Лениво встает с кровати, надевает очень красивый, явно дорогой халат, смотрит в окно.
С добрым утром, любимый город. Без утреннего кофе я люблю тебя чуть меньше. Но ты меня любишь как всегда, потому что я этого достойна. Тьфу… Надо прекратить так много смотреть телевизор. Эти рекламные слоганы просто замещают нормальную речь… Хотя… с другой стороны, что в этом плохого? Рекламные слоганы сочиняют профессиональные писатели, то есть, это вполне литературный язык. Да! Значит, я достойна всего, что у меня есть и что еще будет. А всё, что будет – будет ещё лучше, чем есть! (Прислушивается к тому, что только что сказала) Звучит по-дурацки, но зато позитивная установка на весь день. Надо записать! (пододвигает к себе диктофон, повторяет фразу.) Я достойна всего, что у меня есть и всего, что еще будет. А всё, что будет – будет ещё лучше, чем есть.
Напевая, уходит на кухню, оттуда слышен её голос.
Всё будет хорошо,
К чему такие спешки.
Всё будет хорошо,
И в дамки выйдут пешки.
И будет шум и гам,
И будут сны к деньгам,
И дождички пройдут по четвергам.
На кухне что-то с грохотом падает.
Чёрт… ну, и ладно. Могу выпить растворимый.
Песня звучит снова, но уже не так оптимистично. Она возвращается в комнату с чашкой кофе.
Так, какие у меня на сегодня планы?
Включает диктофон на воспроизведение. Слышен ее голос в записи.
«Спокойно ночи, милая Зухра. Сладких тебе снов, дорогая. Не забудь, что завтра у тебя: по пробуждении – несколько слов к мемуарам…»
Она. Это можно уже вычеркнуть.
Голос на диктофоне продолжает:
«В 11.30 – пятнадцатая серия твоего любимого сериала, в 14.00 – бассейн и тренажёрный зал, 16.40 – косметолог, а вечером ты приглашена на концерт…»
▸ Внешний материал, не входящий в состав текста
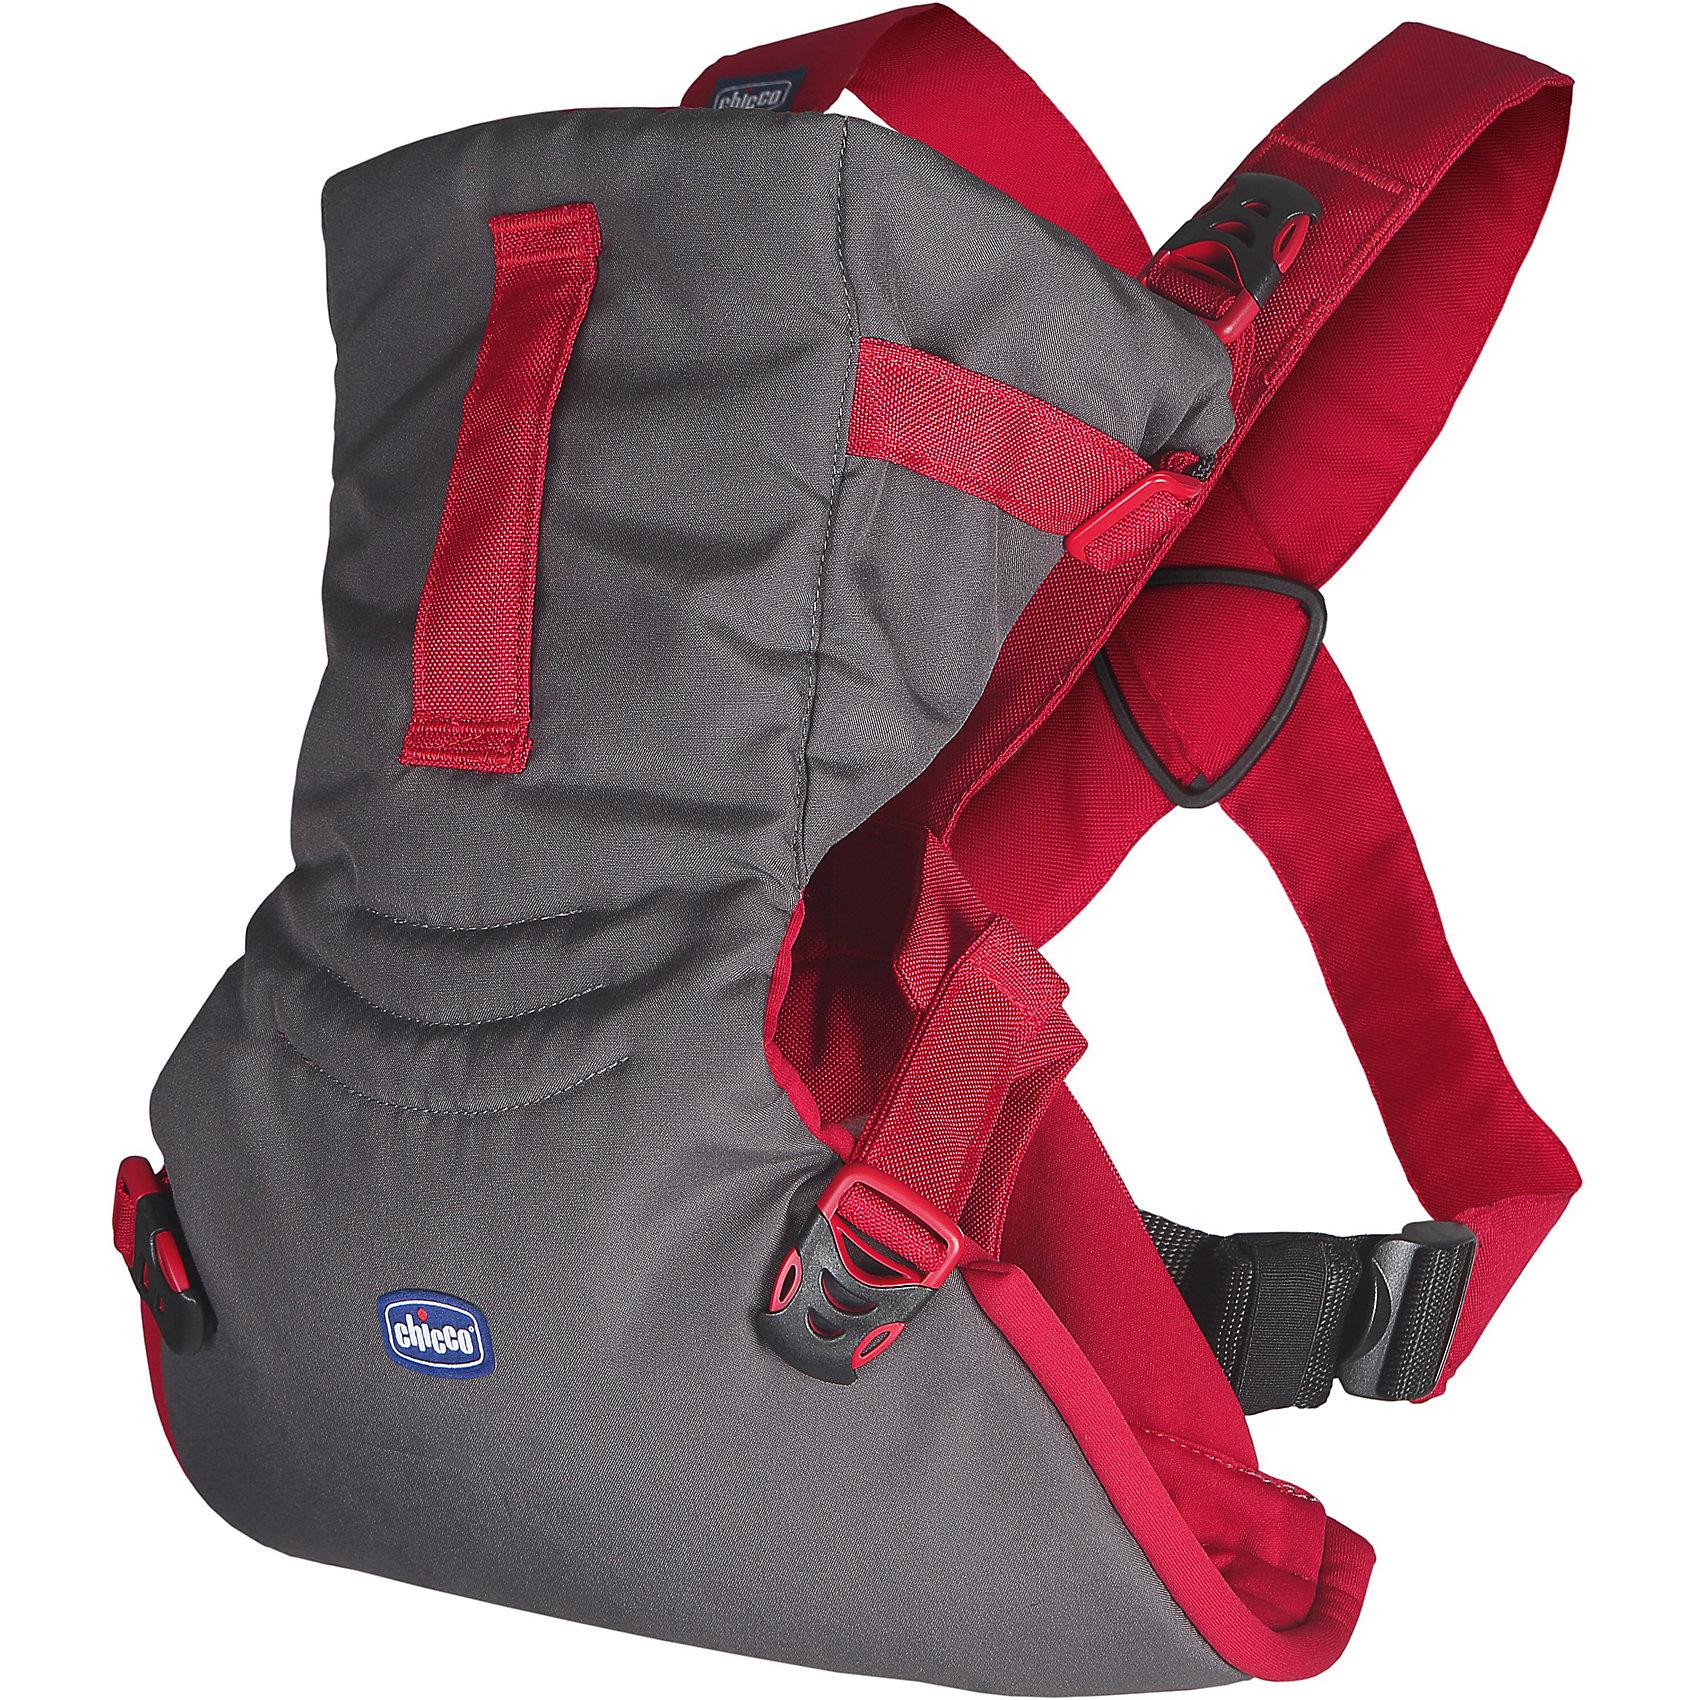 Переноска-кенгуру Easy Fit, Chicco, paprikaСлинги и рюкзаки-переноски<br>Характеристики:<br><br>• носится как футболка; <br>• обеспечивает безопасное положение ребенка во время прогулок;<br>• эргомичное сиденье обеспечивает правильное положение бедер ребенка;<br>• можно подстроить под комплекцию каждого ребенка;<br>• ножки малыша анатомически правильно расположены;<br>• позвоночник развивается правильно;<br>• малыш свободно дышит, имеется расстояние от спинки до личика; <br>• можно уложить даже спящего ребенка;<br>• два положения: лицом к маме, спинкой к маме;<br>• когда ребенок подрастет, мама может поддерживать ножки малыша, создавая упор для прыжков в вертикальном положении;<br>• на капюшоне-подголовнике расположена ручка-ремешок, чтобы маме было удобнее поддерживать головку подросшего ребенка;<br>• петелька для крепления держателя от пустышки, легкой развивающей игрушки или прорезывателя;<br>• рюкзак компактно складывается, есть возможность зафиксировать в сложенном виде;<br>• понятная регулировка ремней;<br>• допускается стирка при температуре 30 градусов;<br>• протестировано педиатрами;<br>• максимальный вес ребенка: 9 кг;<br>• размер переноски: 30х15 см;<br>• вес переноски: 400 г.<br><br>Переноску-кенгуру Easy Fit, Chicco, paprika можно купить в нашем интернет-магазине.<br><br>Ширина мм: 160<br>Глубина мм: 110<br>Высота мм: 305<br>Вес г: 557<br>Возраст от месяцев: 0<br>Возраст до месяцев: 9<br>Пол: Унисекс<br>Возраст: Детский<br>SKU: 6682746

Она. И кто же это меня пригласил?
Голос на диктофоне продолжает:
«…тебя пригласила твоя золовка Люся…»
Она резко выключает диктофон.
Не могла соврать, что импозантный мужчина неизвестного происхождения. Не могла с вечера записать что-нибудь, что бы порадовало с утра… Нет, я всё пишу честно. Правду, правду, и ничего, кроме правды… (ёрничая) «Как учит коммунистическая партия, как завещал великий Ленин». Обрывки старых лозунгов смешались в голове с новыми рекламными слоганами… Клиповое сознание на фоне исторического эклектизма. Но главное, что я правильная и хорошая. А раз я такая хорошая, значит, я достойна хорошей жизни!
Некоторое время пьёт свой кофе молча.
Растворимый кофе – такая гадость. И как его люди пьют.
Пьёт дальше.
Гадость. Да. Абсолютно. Однозначно. Так, а что я сегодня надену на концерт?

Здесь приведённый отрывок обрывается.